By Heekyong Yang and Joyce Lee

SEOUL, Oct 25 (Reuters) - South Korean battery firm LG Energy Solution (LGES) warned on Wednesday of slowing revenue growth in 2024 due to global economic uncertainties affecting the outlook for electric vehicle sales, sending its shares down nearly 9%.

It joins a growing number of automakers and suppliers expressing caution about demand for EVs, as they fear high interest rates lifting financing costs and sputtering growth in major economies such as China and Europe will impact car buyers.

"EV demand next year could be lower than expectations," LGES Chief Financial Officer Lee Chang-sil said on an earnings call, citing those factors, as well as automakers adjusting their EV strategies in response.

LGES, which supplies Tesla, General Motors and cty xây dựng Bình thuận other automakers, said revenue growth in 2024 would not be as high as the mid-30% rate forecast for this year.

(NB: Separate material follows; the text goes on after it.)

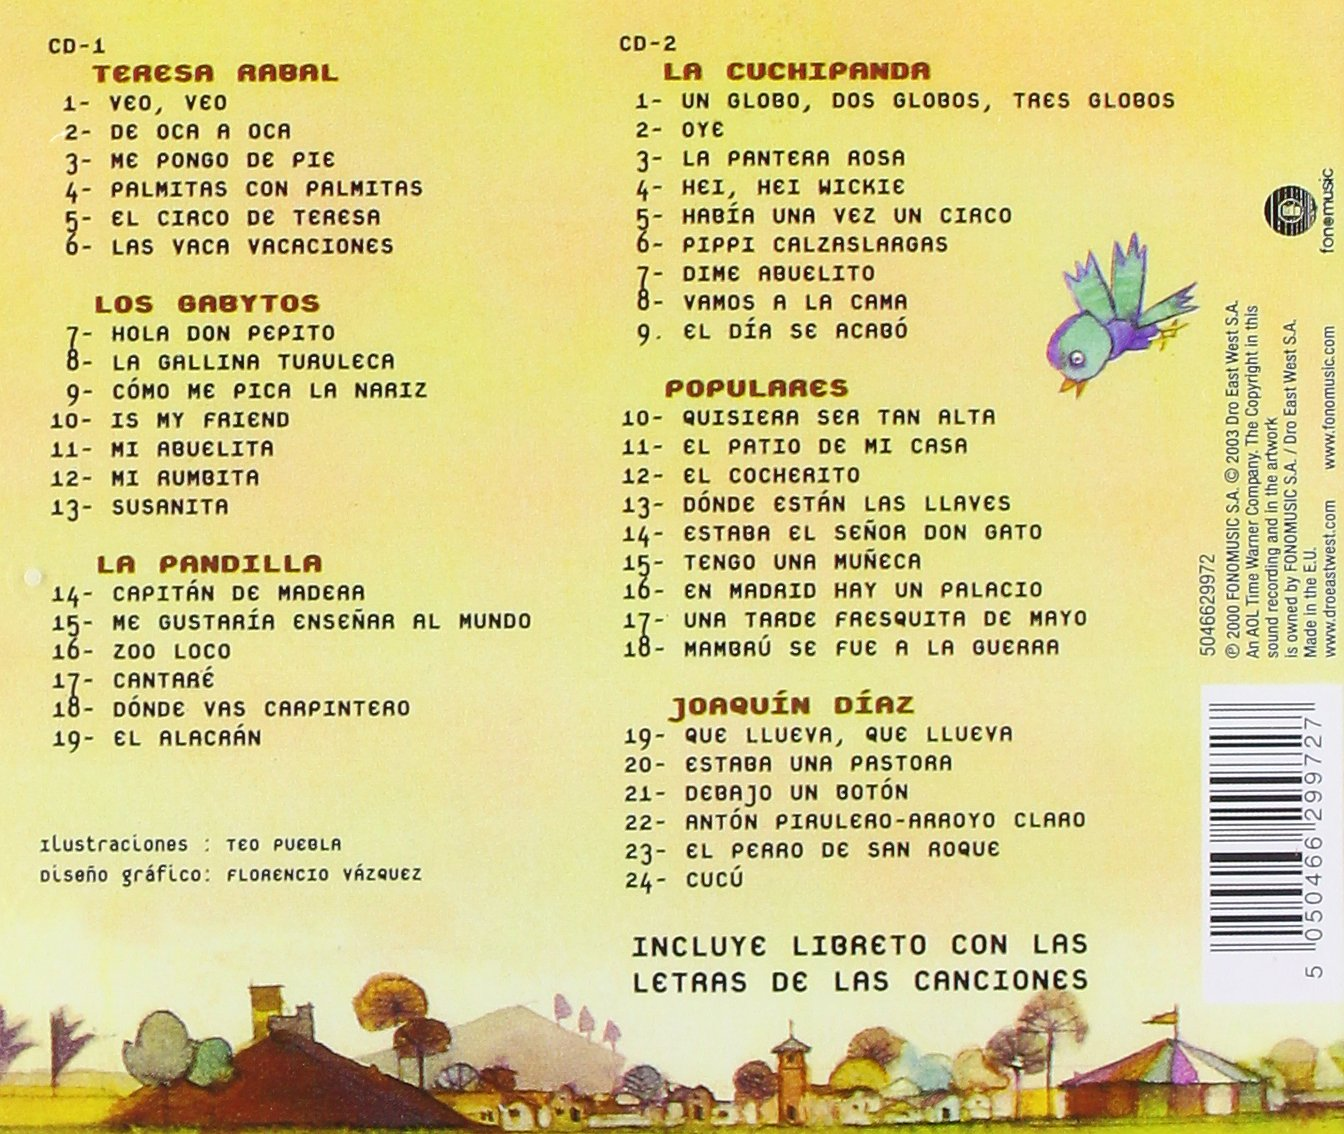 Solo Para Ninos Y Mayores - Solo Para Ninos y Mayores / Various - Amazon.com Music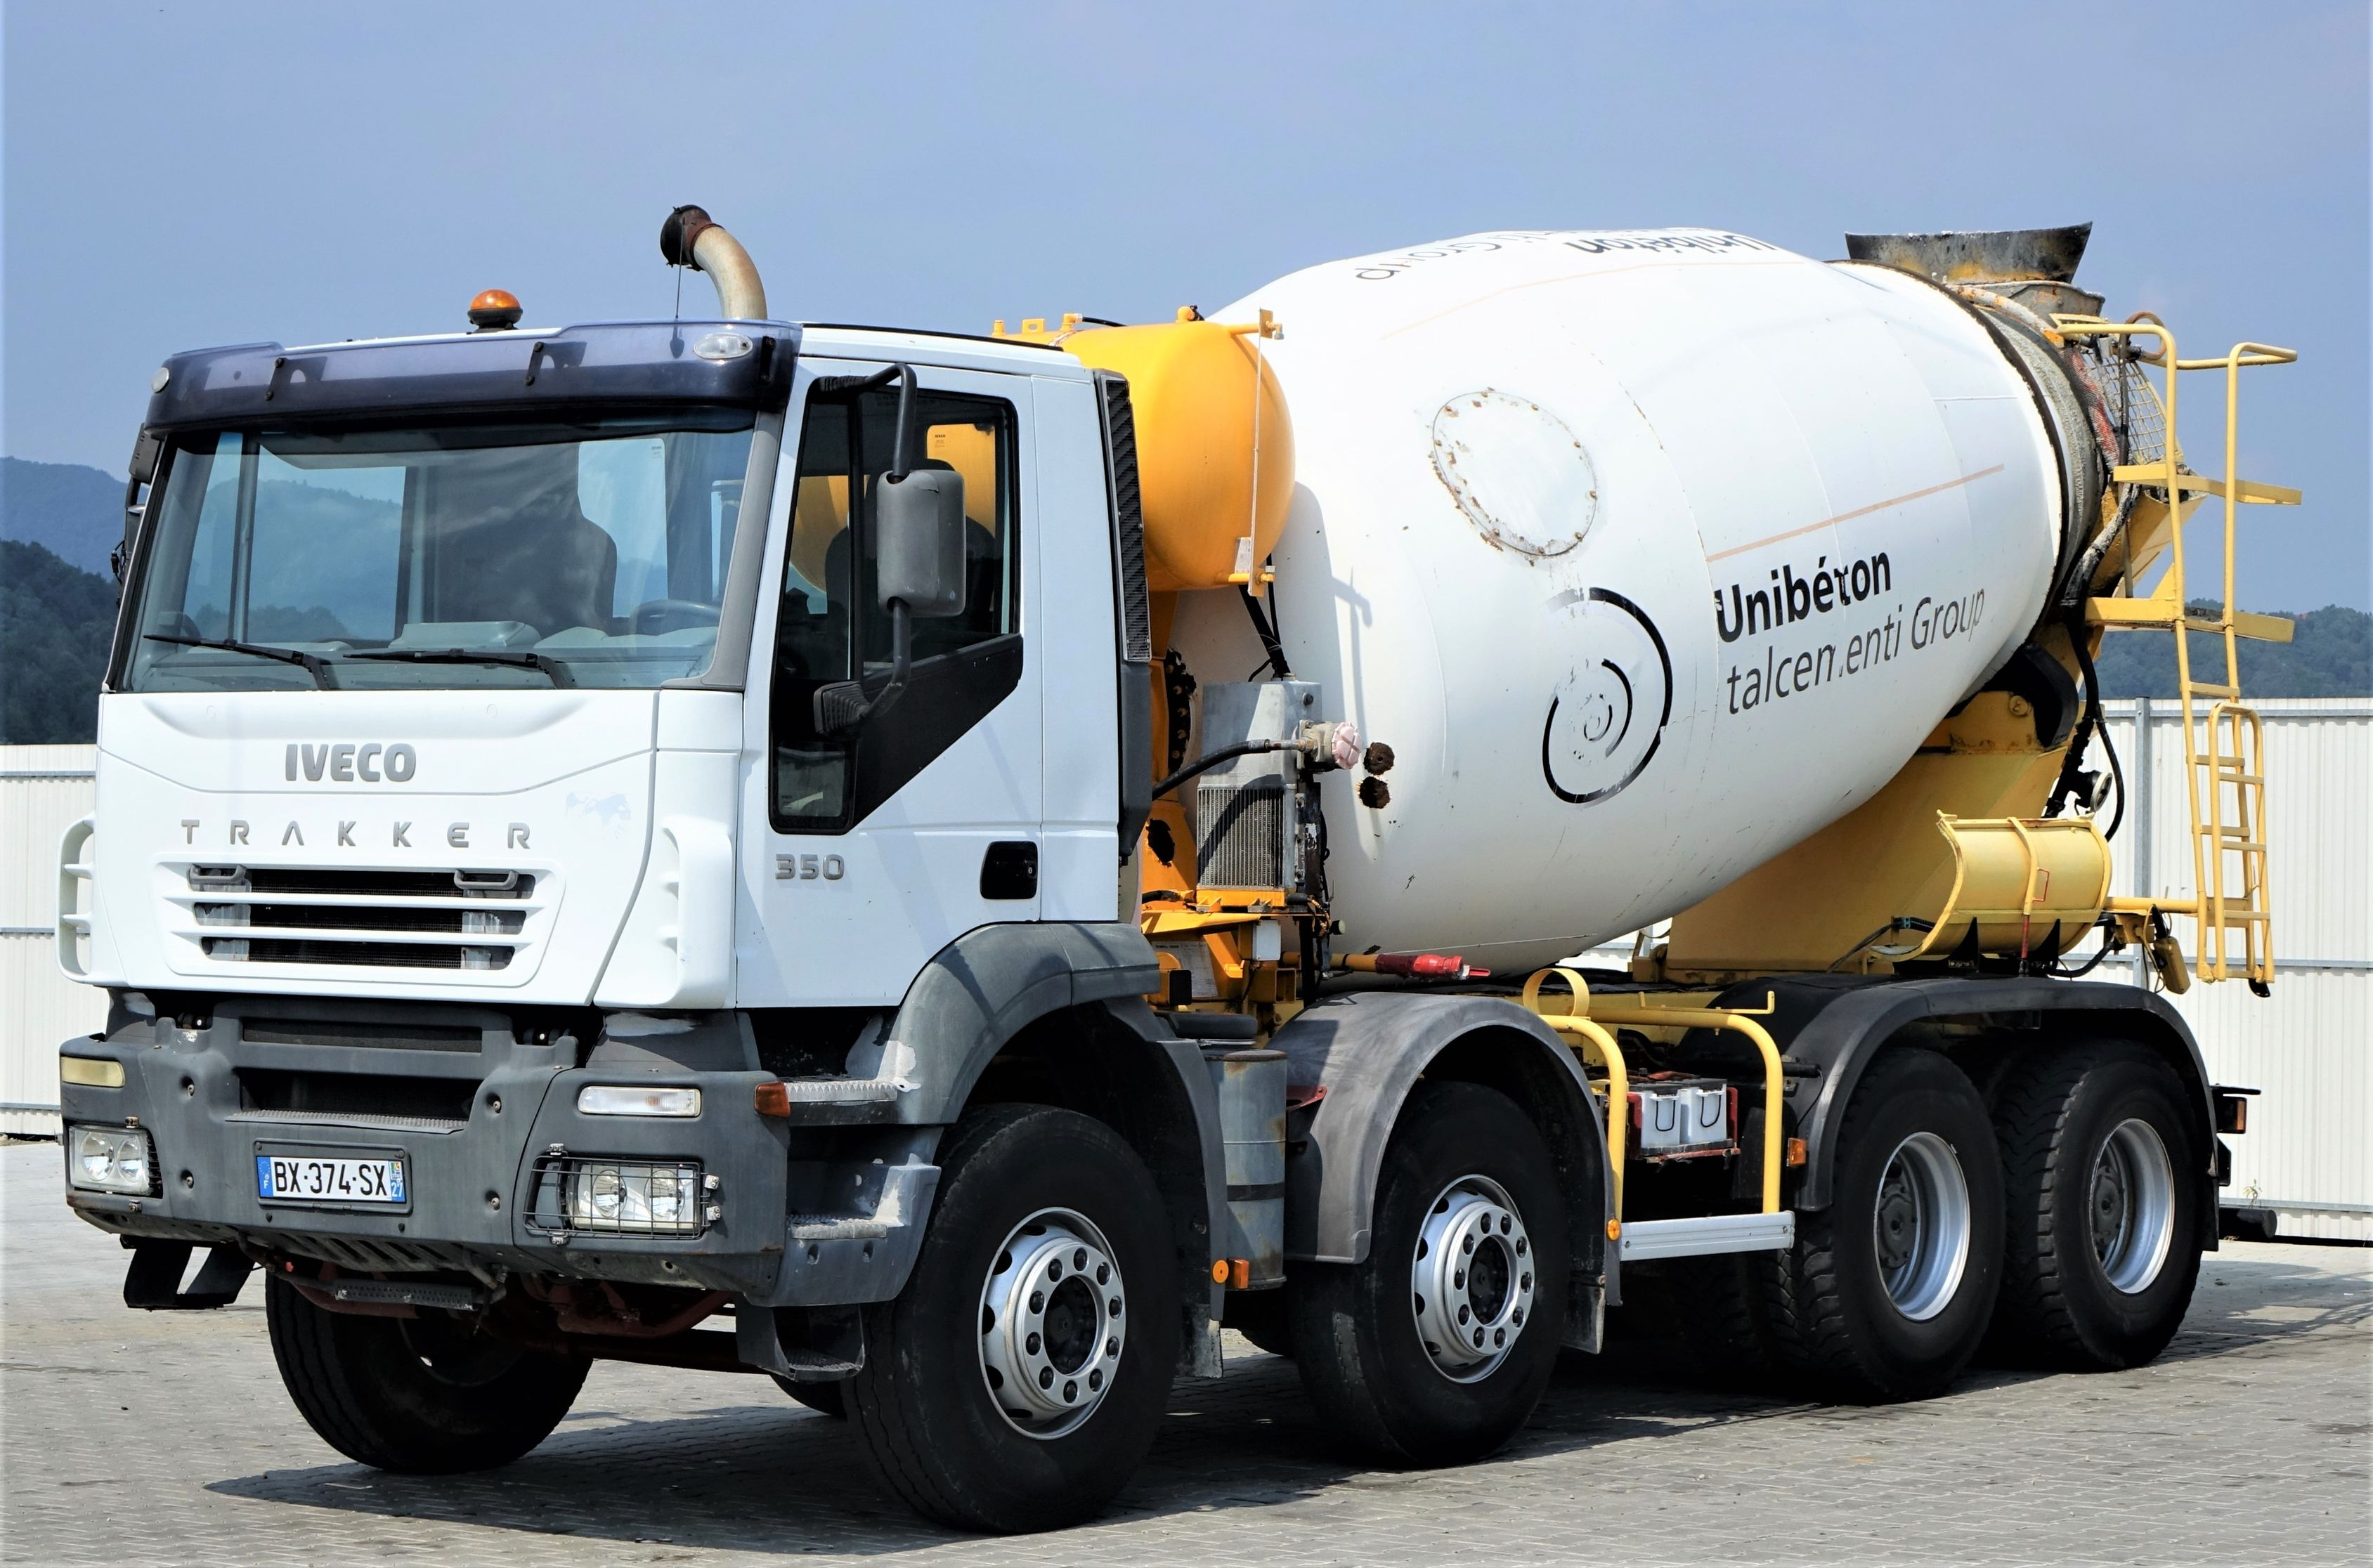 2006-iveco-trakker-350-6370747

A recovery in demand from European manufacturers is likely to be delayed as Chinese rivals launch cheaper EVs in the region, LGES Vice President Kim Gyunghoon said on the call. LGES is lowering production at its Poland factory in response to minimise costs, Kim added.

In the U.S., GM, its joint venture partner in an Ohio battery plant and two more under construction, said on Tuesday that it was slowing the launch of several EV models to cut costs and pulling back on EV product spending to put profits ahead of sales targets.

Lee said the company was closely monitoring the United Auto Workers (UAW) strikes in the U.S. against its customers GM, Ford and Chrysler parent Stellantis because a rise in wages could have a significant impact on the automakers' operations and profitability.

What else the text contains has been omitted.